Leaving the pictures aside, transcribe the data below exactly.

===== DATA SECTION

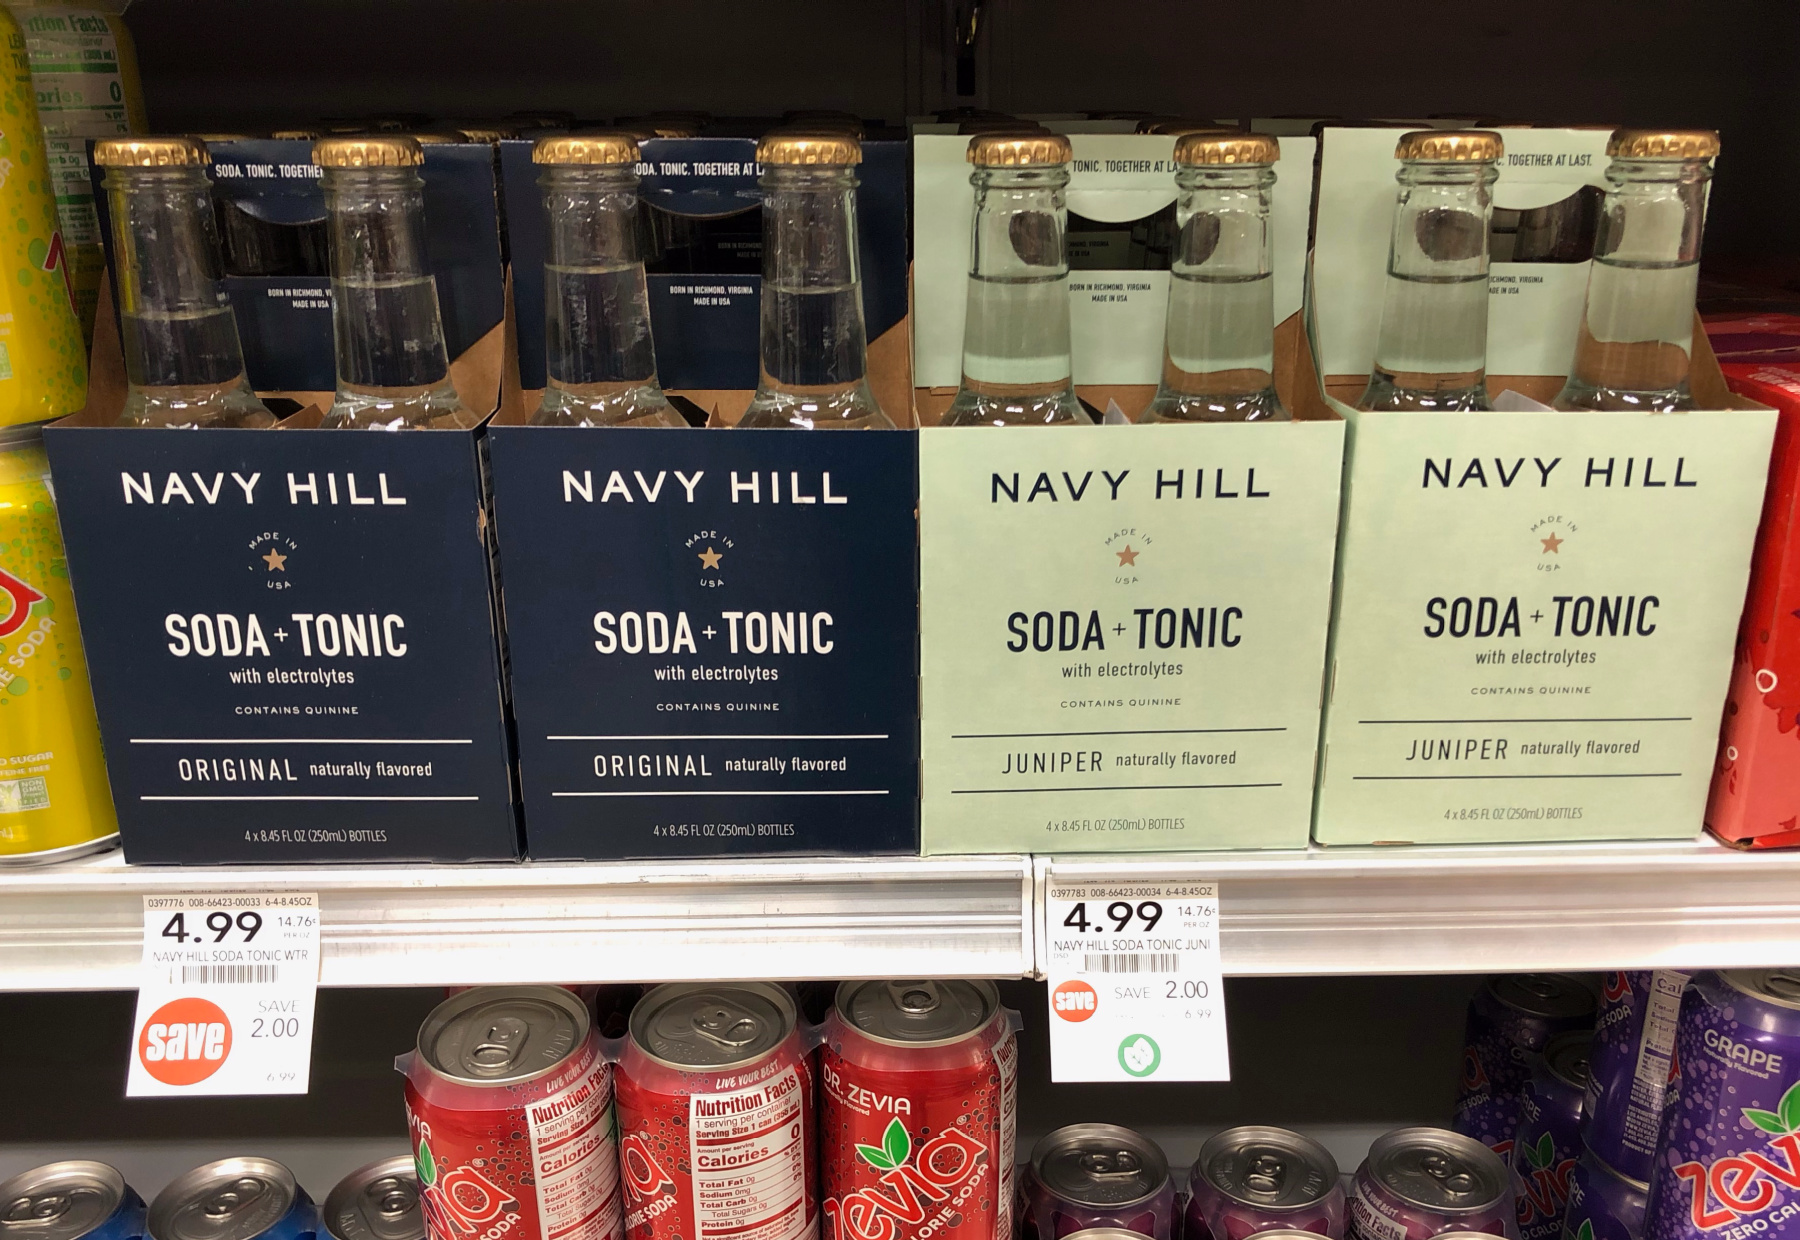 Huge Discount On Navy Hill Mixers At Publix - Save On A Delicious Soda/Tonic Blend! on I Heart Publix
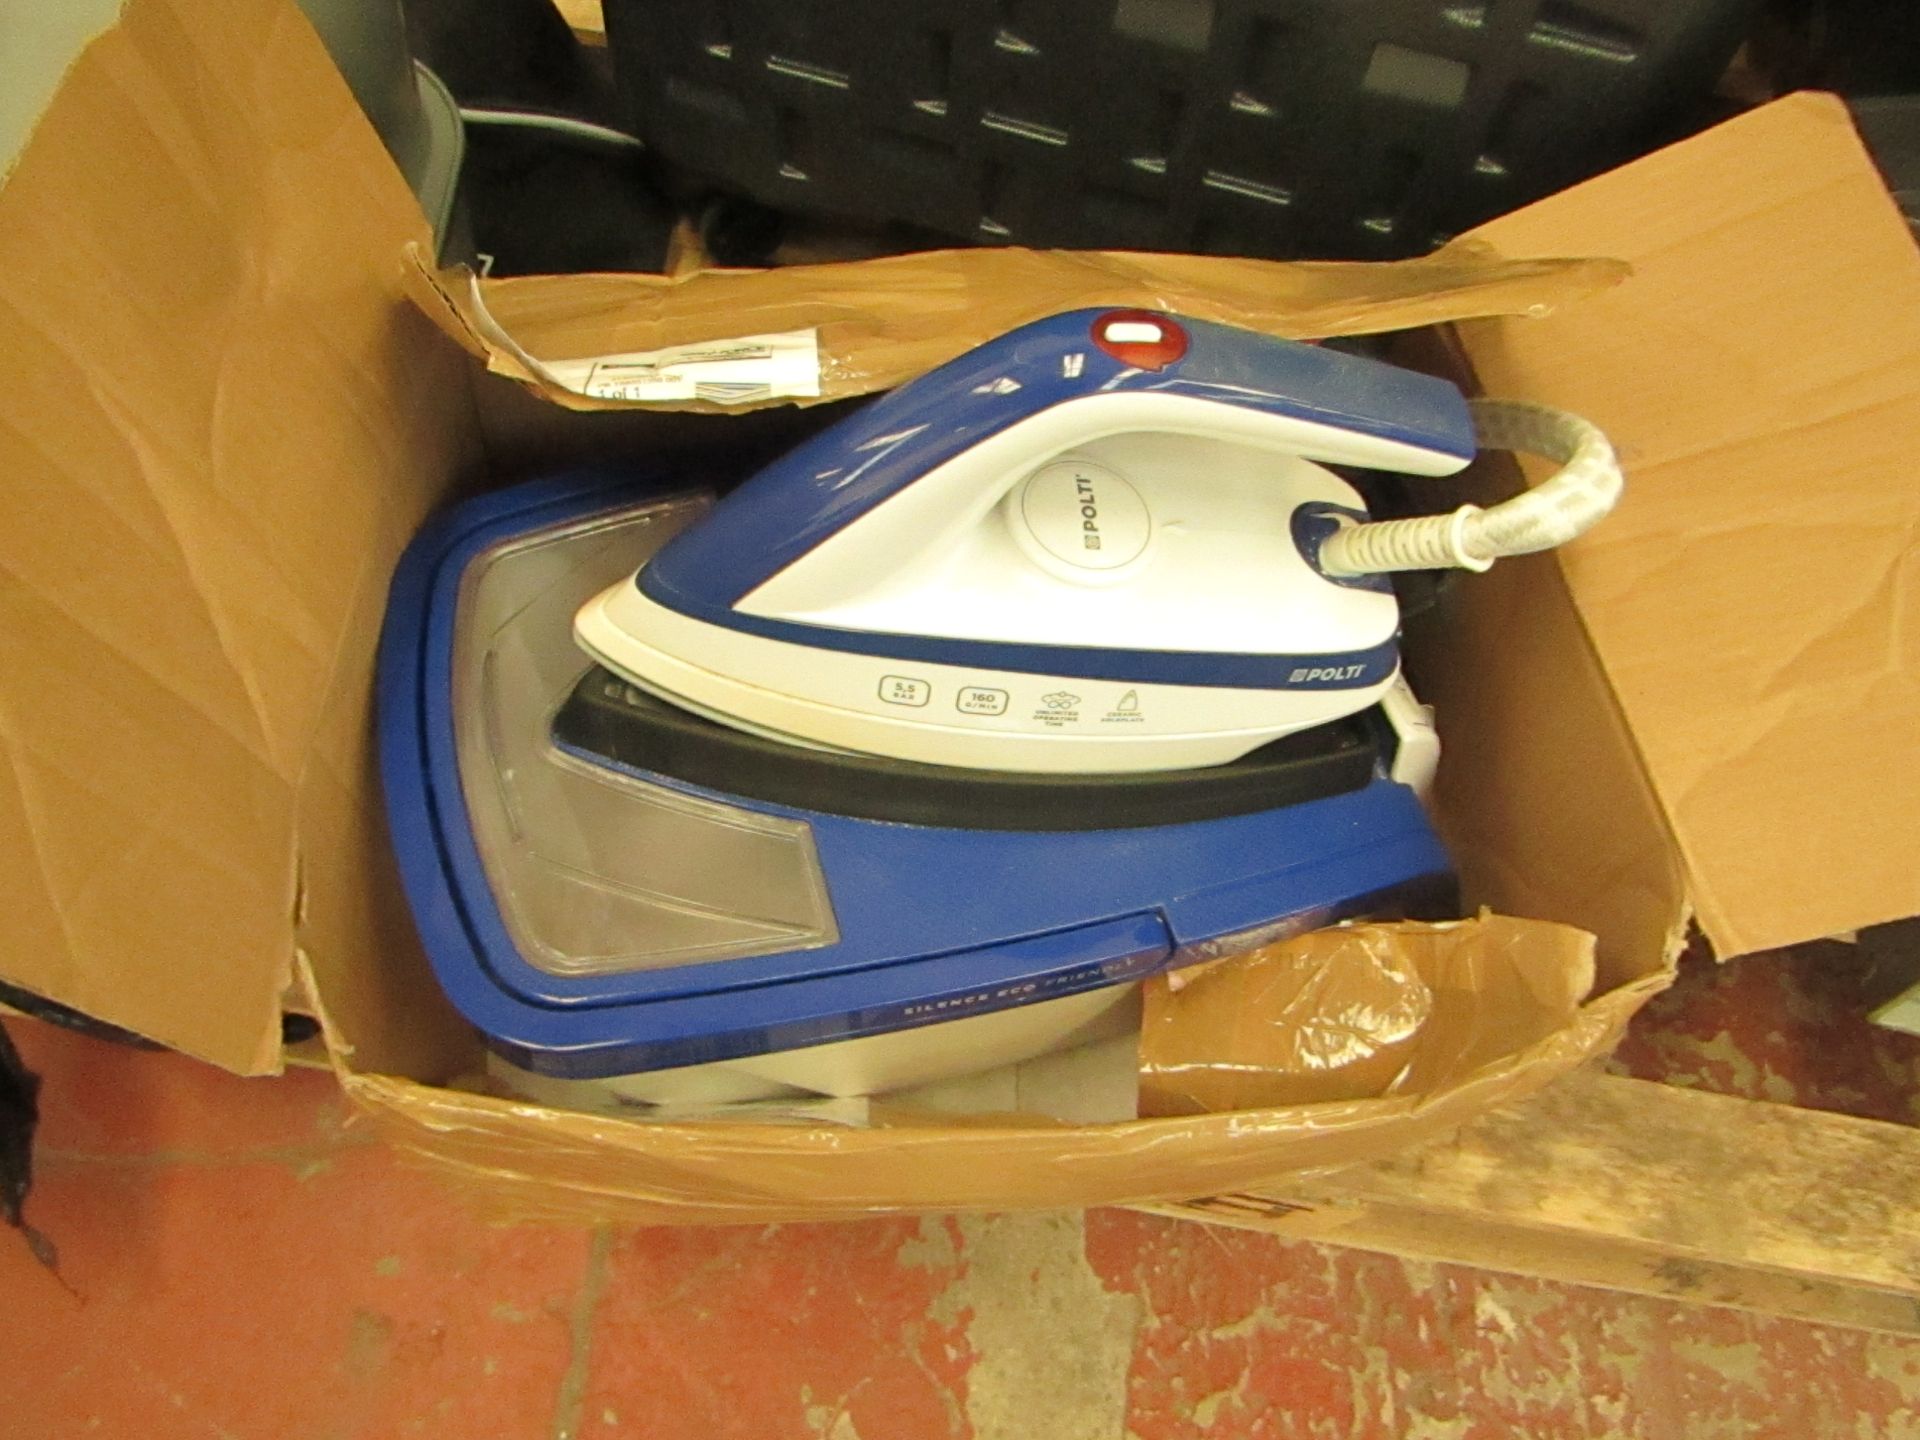 Polti Violetti steam generator iron, powers on and heats up.
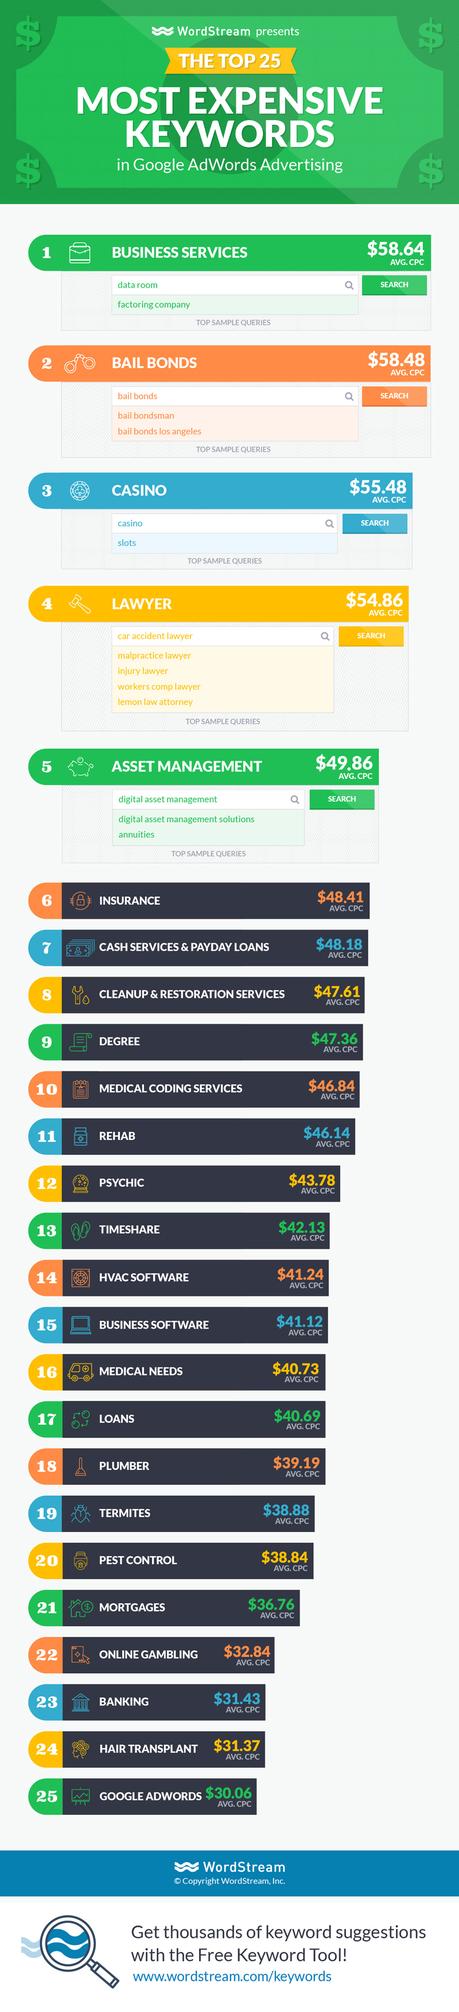 Most expensive keywords in Adwords

==========

**EXERCISE ANSWER:**
 Huge Discount On Navy Hill Mixers At Publix - Save On A Delicious Soda/Tonic Blend! on I Heart Publix
 Polti Violetti steam generator iron, powers on and heats up.
 Most expensive keywords in Adwords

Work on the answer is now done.